Royal Bank of Scotland (RBS) has reported a loss of £1.98bn for 2015, its eighth year of annual losses.
RBS shares
fell to a three-year low on the news, and remain well below the price
the government paid for an 84% stake to save the bank in 2008.
The
bank, which came close to collapse at the height of the financial
crisis, is still setting aside billions to cover past mistakes and
fines.
Even after all these costs are stripped out, profits are still falling.
The annual loss is partly due to a £3.6bn charge to cover conduct and litigation costs, many of them in the US.
RBS also set aside another £2.9bn for restructuring, as it withdraws from 25 of the 38 countries it still operates in.
It
added that it did not expect to pay a dividend to shareholders until at
least next year, saying: "We now consider it more likely that capital
distributions will resume later than Q1 2017."
'Work to do'
Underlying profits at RBS, which is still 73% government-owned, dropped to £4.4bn, from £6bn a year earlier.
RBS said the fall in these profits was largely due to lower income from interest payments.
Chief executive Ross McEwan told the BBC's Today programme: "Low interest rates do hurt banks and it's very clear interest rates will stay lower for much longer now.
"The
UK and Republic of Ireland have quite strong economies... but you are
seeing a slowing down in a number of economies around the world and low interest rates do hurt banks."
"We
have still got a number of conduct and litigation issues - the largest
of those is in the US - which we have to settle. Unfortunately that is
not in our gift time-wise.
"We need to sell off Williams and Glynn
which is the branch network we are committed to selling off by 2017,
and we need to show a track record that we have got a very good bank
underneath all these headline noises."
'Disappointed'
Among
the conduct and litigation issues RBS has put aside £600m to pay claims
for the mis-selling of payment protection insurance in the UK.
RBS also said it had cut costs by £983m last year, and boosted net mortgage lending by 10% on a year ago to £9.3bn.
Michael
Hewson, chief market analyst at CMC Markets, said: "Every year we hope
that the time has come for the bank to turn a corner and every year we
return disappointed.
"CEO Ross McEwan must be wishing he had never taken on the task of turning the bank around when he took over the reins in August 2013."
Pay package
The money RBS pays out in bonuses to staff was reduced by 11% to £373m for 2015.
Mr McEwan's salary and incentive pay has increased from 2014, when he received £1.8m.
In 2015, on top of Mr McEwan's £1m salary he was awarded a £1m "role-based" incentive, but has personally donated the sum to charity.
Mr McEwan also said that in 2016 he would give half of this role-based pay to charity.

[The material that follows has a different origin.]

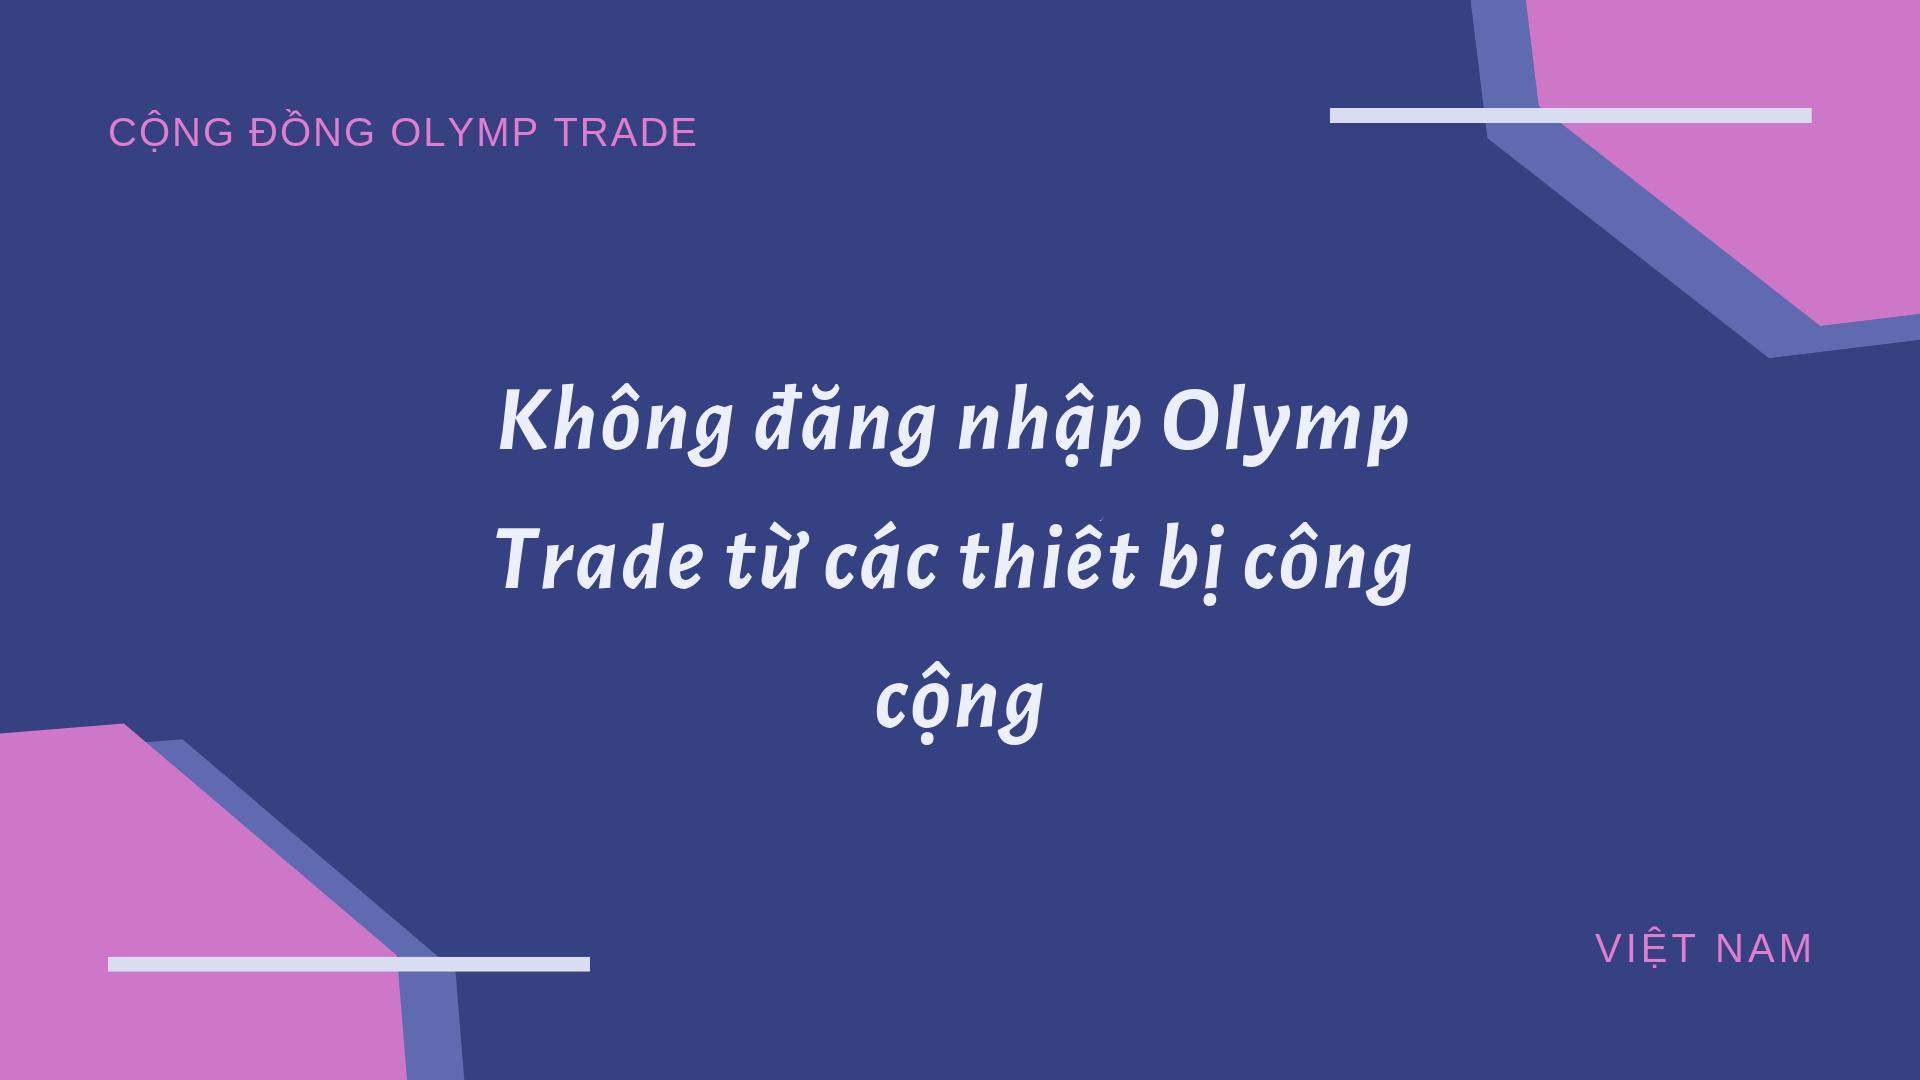 dang-nhap-olymp-trade-bang-thiet-bi-cong-cong
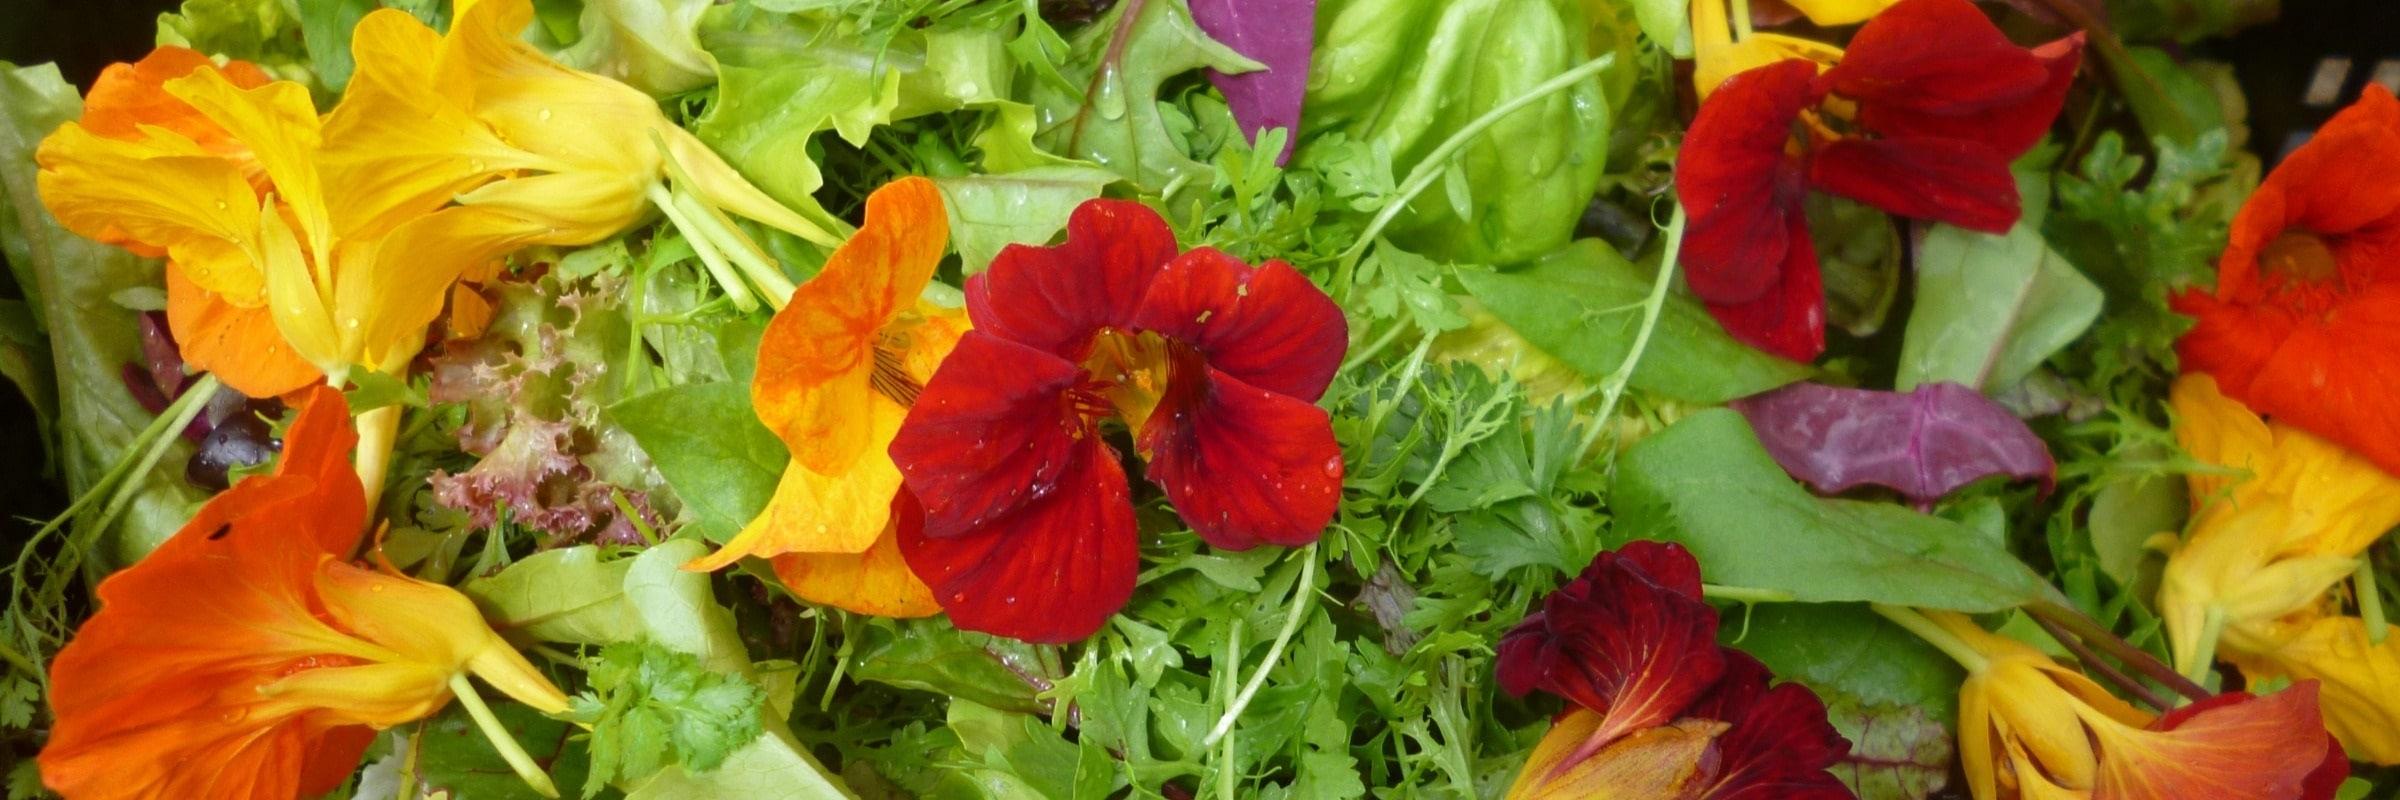 growing flowers for website

However, he has also been given £1.347m as part of a three-year performance related award, and £350,000 in pension allowances.
Share sale
Turmoil on the stock
markets has meant that the government's plans to sell off more of its
stake in RBS are likely to be delayed.
In January this year, it suspended the sale of its final stake in Lloyds Banking Group. Taxpayers own just under 10% of Lloyds.
In August, the government managed to sell a 5.4% stake in RBS at 330p a share, raising £2.1bn.
The
price was one third below the 500p a share paid by the government when
it took its stake in the bank during the financial crisis, and
represented a loss of about £1.07bn.
Mr Hewson said: "It turns
out the decision by the UK government to pare down... its stake in the
bank in the middle of last year doesn't look such a bad decision after
all, amidst a chorus of criticism that it was sold off too cheaply. That
330p price seems a long way away now.
"Unless there is some clear
evidence that this continued drip feeding of negative news shows signs
of abating, it is going to be very difficult to see a rebound in the
share price, as shown by today's sharp falls."